EN_K8s_Troubleshooting

Kubernetes Troubleshooting in Practice

Troubleshooting (Q31-Q35)

Q31. What is CPU Throttling and how do you optimize CFS Quota?

When CPU Limits are set, they are enforced via CFS (Completely Fair Scheduler) Quota. Throttling can occur even when actual CPU utilization is low.

Detection:

# Check throttling via metrics
kubectl top pods --containers

# PromQL query
rate(container_cpu_cfs_throttled_seconds_total[5m]) /
rate(container_cpu_cfs_periods_total[5m]) > 0.25

Root Cause:

CFS enforces CPU Limits in 100ms periods. A container with cpu: "500m" can only use 50ms of CPU per 100ms period. Bursty workloads can exhaust the quota quickly, causing throttling even at low average utilization.

Solutions:

1. Remove Limits or set them high enough:

resources:
  requests:
    cpu: "500m"
  limits:
    cpu: "2000m"   # Set much higher than requests

2. Set only Requests (no Limits):

resources:
  requests:
    cpu: "500m"
  # No limits — Burstable QoS class

3. Tune JVM for Java applications:

env:
- name: JAVA_OPTS
  value: "-XX:ActiveProcessorCount=2 -XX:+UseContainerSupport"

Recommendation:

Set requests to actual average usage
Set limits to peak usage (spike tolerance)
Use Guaranteed QoS (requests == limits) only for latency-sensitive workloads

Q32. How do you resolve DNS resolution delays caused by ndots=5?
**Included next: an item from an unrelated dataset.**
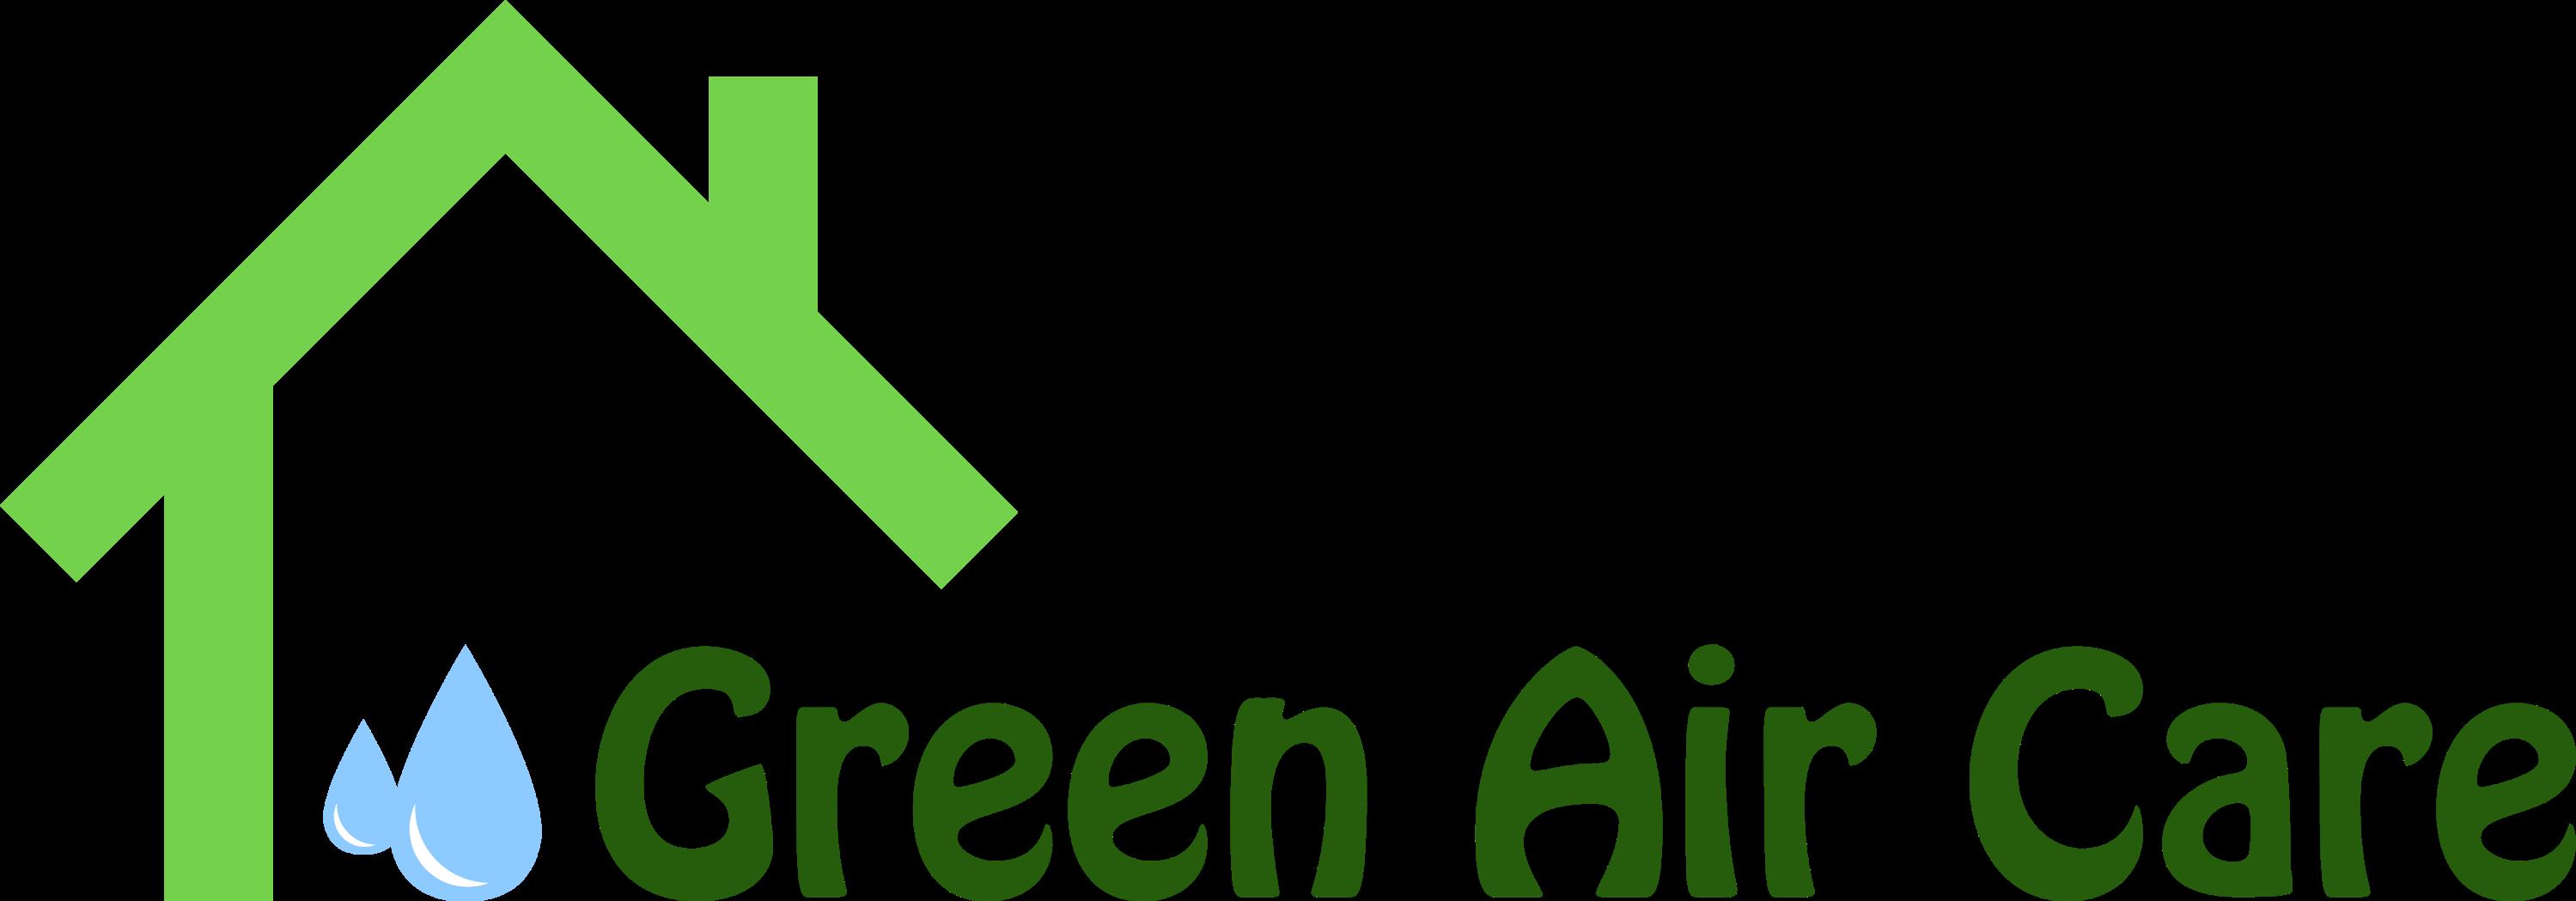 Green air care logo
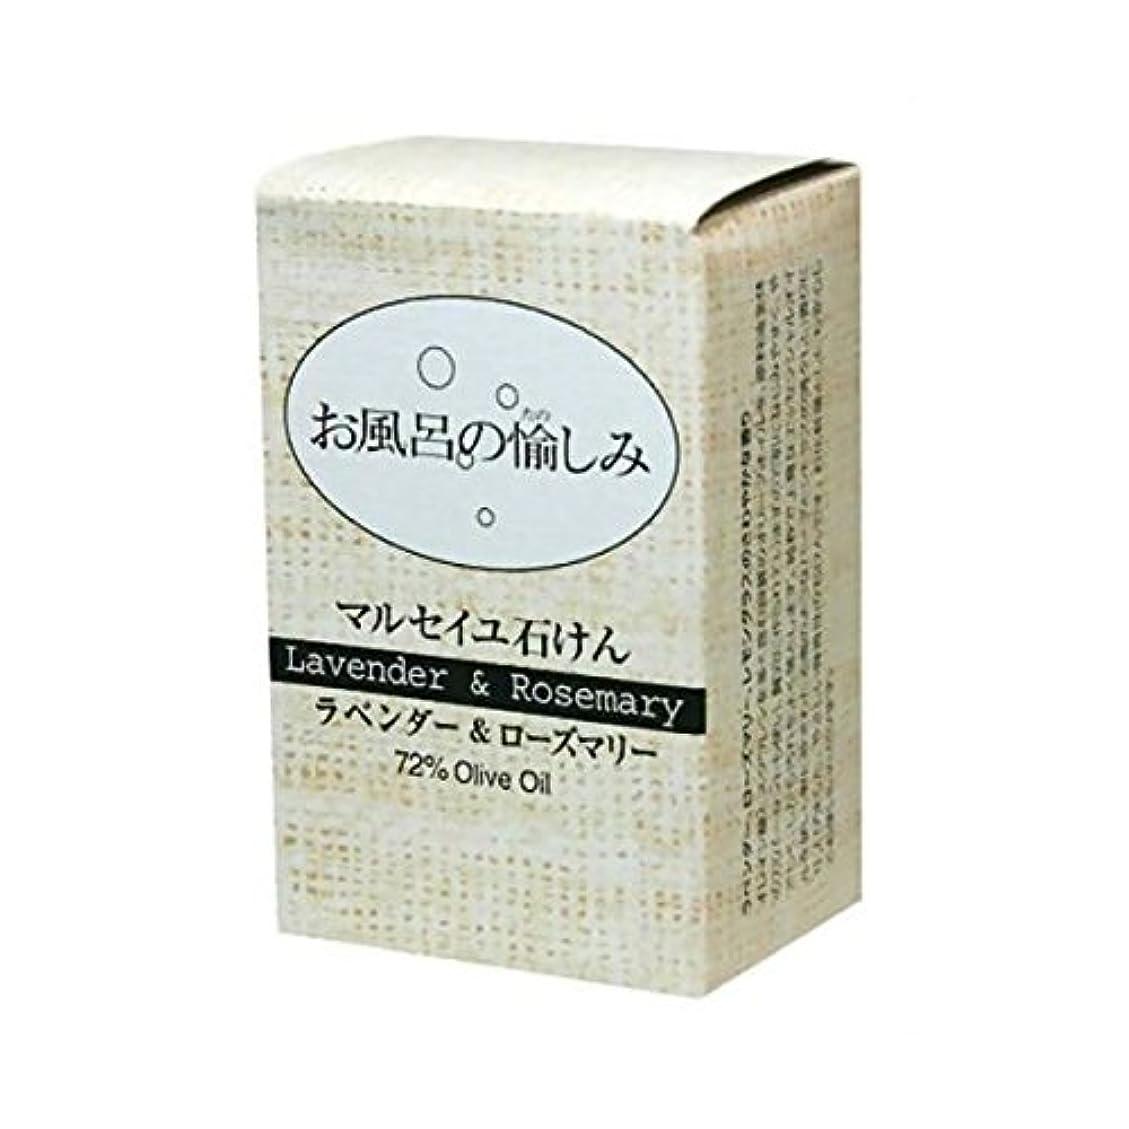 誘惑水素ペイン【お徳用 3 セット】 お風呂の愉しみ マルセイユ石鹸 (ラベンダー&ローズマリー)×3セット

The ndots:5 setting in a Pod's /etc/resolv.conf can trigger up to 6 DNS queries per lookup.

How It Works:

# /etc/resolv.conf in a Pod
nameserver 10.96.0.10
search default.svc.cluster.local svc.cluster.local cluster.local
options ndots:5

Querying example.com triggers this search order:

example.com.default.svc.cluster.local
example.com.svc.cluster.local
example.com.cluster.local
example.com (final — only resolves here)

Solutions:

1. Use FQDN (add trailing dot):

# Code example
requests.get("http://api.example.com./v1/users")

2. Lower ndots per Pod:

spec:
  dnsConfig:
    options:
    - name: ndots
      value: "2"
    - name: single-request-reopen   # Prevent parallel A/AAAA race condition

3. Enable CoreDNS autopath plugin:

# CoreDNS ConfigMap
data:
  Corefile: |
    .:53 {
      autopath @kubernetes
      kubernetes cluster.local in-addr.arpa ip6.arpa {
        pods insecure
        fallthrough in-addr.arpa ip6.arpa
      }
      cache 30
    }

4. Deploy NodeLocal DNSCache:

# Installs a DNS cache on each node, converting UDP to eBPF
kubectl apply -f https://k8s.io/examples/admin/dns/nodelocaldns.yaml

Monitoring:

# CoreDNS response time
histogram_quantile(0.99, rate(coredns_dns_request_duration_seconds_bucket[5m]))

# DNS error rate
rate(coredns_dns_responses_total{rcode="SERVFAIL"}[5m])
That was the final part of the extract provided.